In this example, trans-CHC was not produced, and cis-CHC was produced in a yield of 96.0% (
conversion: 96.0%, selectivity: >99%).

[Comparative Example 1]
Sodium methoxide was used instead of calcium oxide.
Other conditions were the same as in [Example 1] to obtain trans-CHC (trans-cyclohexene carbonate).
As shown in the above examples, it is necessary to use a solid catalyst in order to suppress the polymerization reaction and obtain a high yield of carbonate. However, the trans-CHC yield and selectivity decreased as described below.
Yield: 47.5% (conversion: 93.1%, selectivity: 51.0%)

[Comparative Example 2]
500 g of transcyclohexanediol and 5.0 L of 1,4-dioxane were added to a glass eggplant flask and cooled with ice, and 700 g of ethyl chloroformate was added dropwise to the reaction solution.
Subsequently, a solution obtained by diluting 870 g of triethylamine with 2.5 L of toluene was added dropwise and stirred for 1 hour to obtain 303.2 g of trans-CHC (yield: 49.5%).
As shown in this comparative example, when a halogen-containing carbonyl source compound was used, a base was required as a trapping agent, which was an unfavorable example.

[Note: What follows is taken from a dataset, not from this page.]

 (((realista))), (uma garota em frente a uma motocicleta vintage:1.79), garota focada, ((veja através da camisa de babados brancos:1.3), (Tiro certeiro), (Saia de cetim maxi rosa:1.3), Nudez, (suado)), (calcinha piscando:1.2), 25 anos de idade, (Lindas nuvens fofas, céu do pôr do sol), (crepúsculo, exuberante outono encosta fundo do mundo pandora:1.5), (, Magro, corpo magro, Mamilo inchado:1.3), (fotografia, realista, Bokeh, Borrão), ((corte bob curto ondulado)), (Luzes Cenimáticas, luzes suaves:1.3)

The present invention uses a solid catalyst system that exhibits catalytic ability for transesterification to suppress the polymerization reaction of an alicyclic carbonate, while geometrically selective and highly selective from an alicyclic diol and a halogen-free carbonyl source compound. Since an alicyclic carbonate can be obtained in a high yield, it has industrial applicability as a method for producing an alicyclic carbonate monomer.

Claims (2)

In the presence of a solid catalyst that is at least one metal oxide selected from the group consisting of calcium oxide, magnesium oxide, lanthanum oxide, and zinc oxide ,
a trans-type alicyclic diol having a structure of the following general formula (1);
a carbonyl source compound having a structure represented by the following general formula (2) that does not contain a halogen element in its chemical structure;
A method for producing a trans- alicyclic carbonate, comprising the step of reacting

(In general formula (1), n is an integer of 1 or more and 10 or less . Further, the alicyclic ring may have a substituent.)

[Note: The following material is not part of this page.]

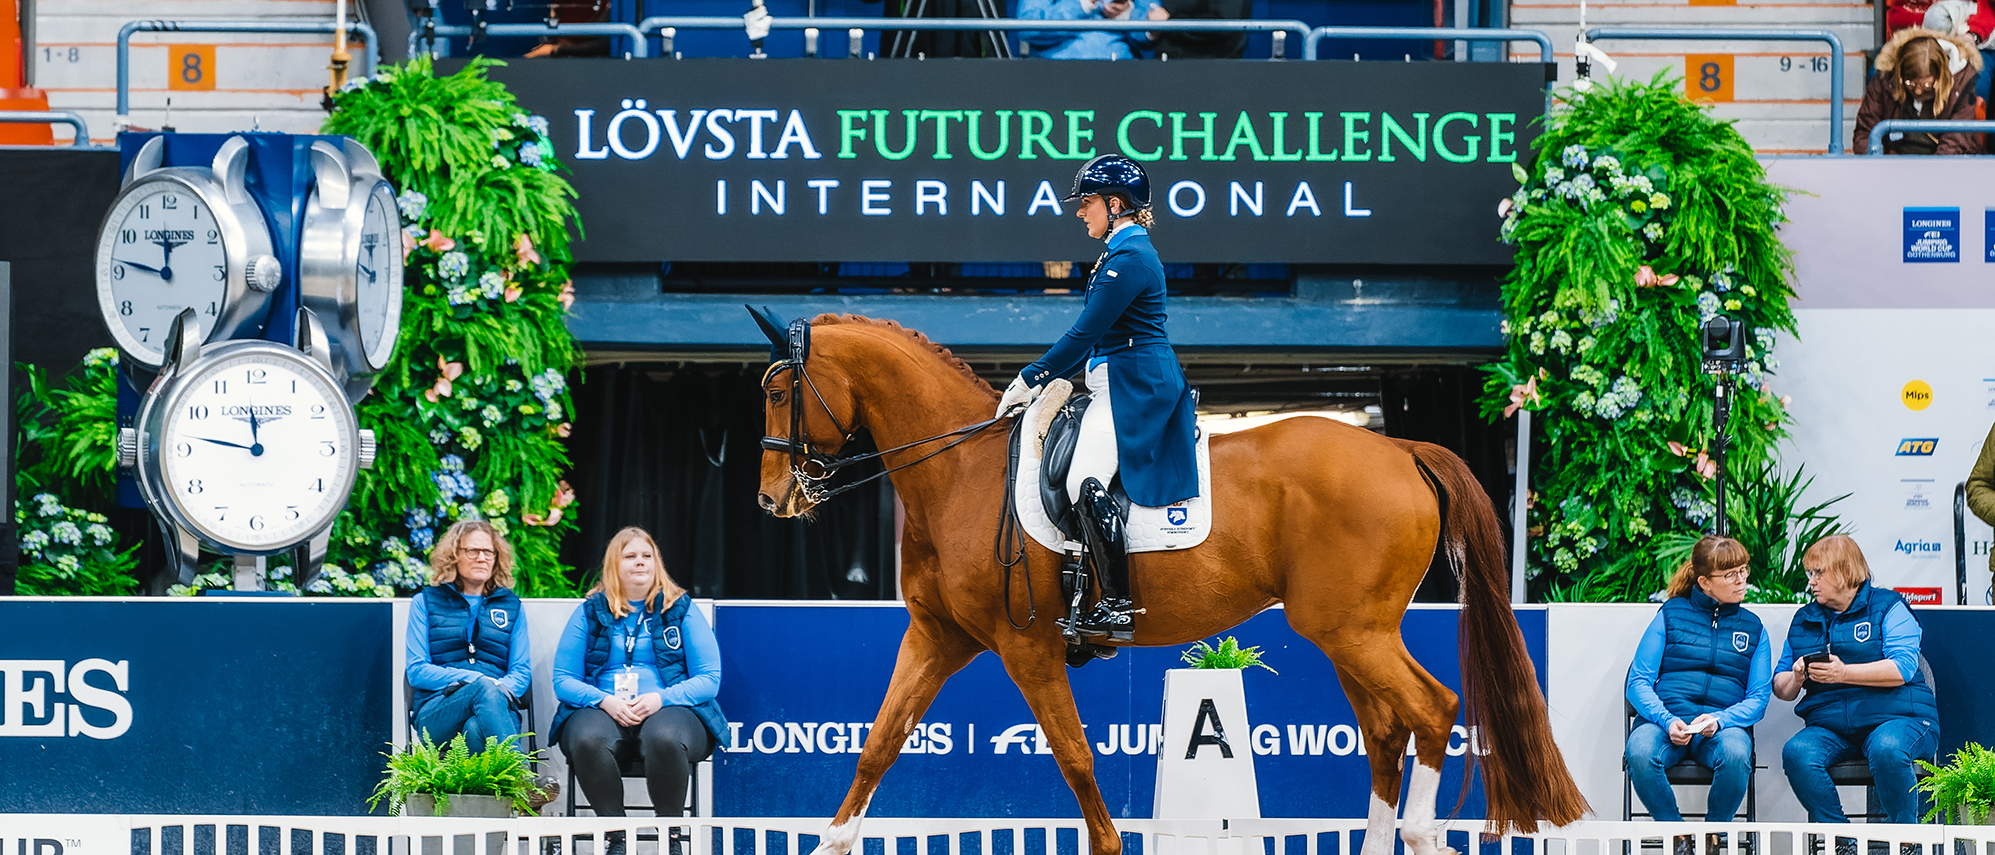 Dressyr häst framför Lövsta future Challenge skylt på arenan.

(In general formula (2), R ₁ and R ₂ represent a hydrocarbon group which may have a substituent and may be the same or different. R ₁ and R ₂ are may be combined to form a ring together with the carbonyl group shown in general formula (2).) 2. The method for producing a trans- alicyclic carbonate according to claim 1 , wherein the alicyclic diol is cyclohexanediol.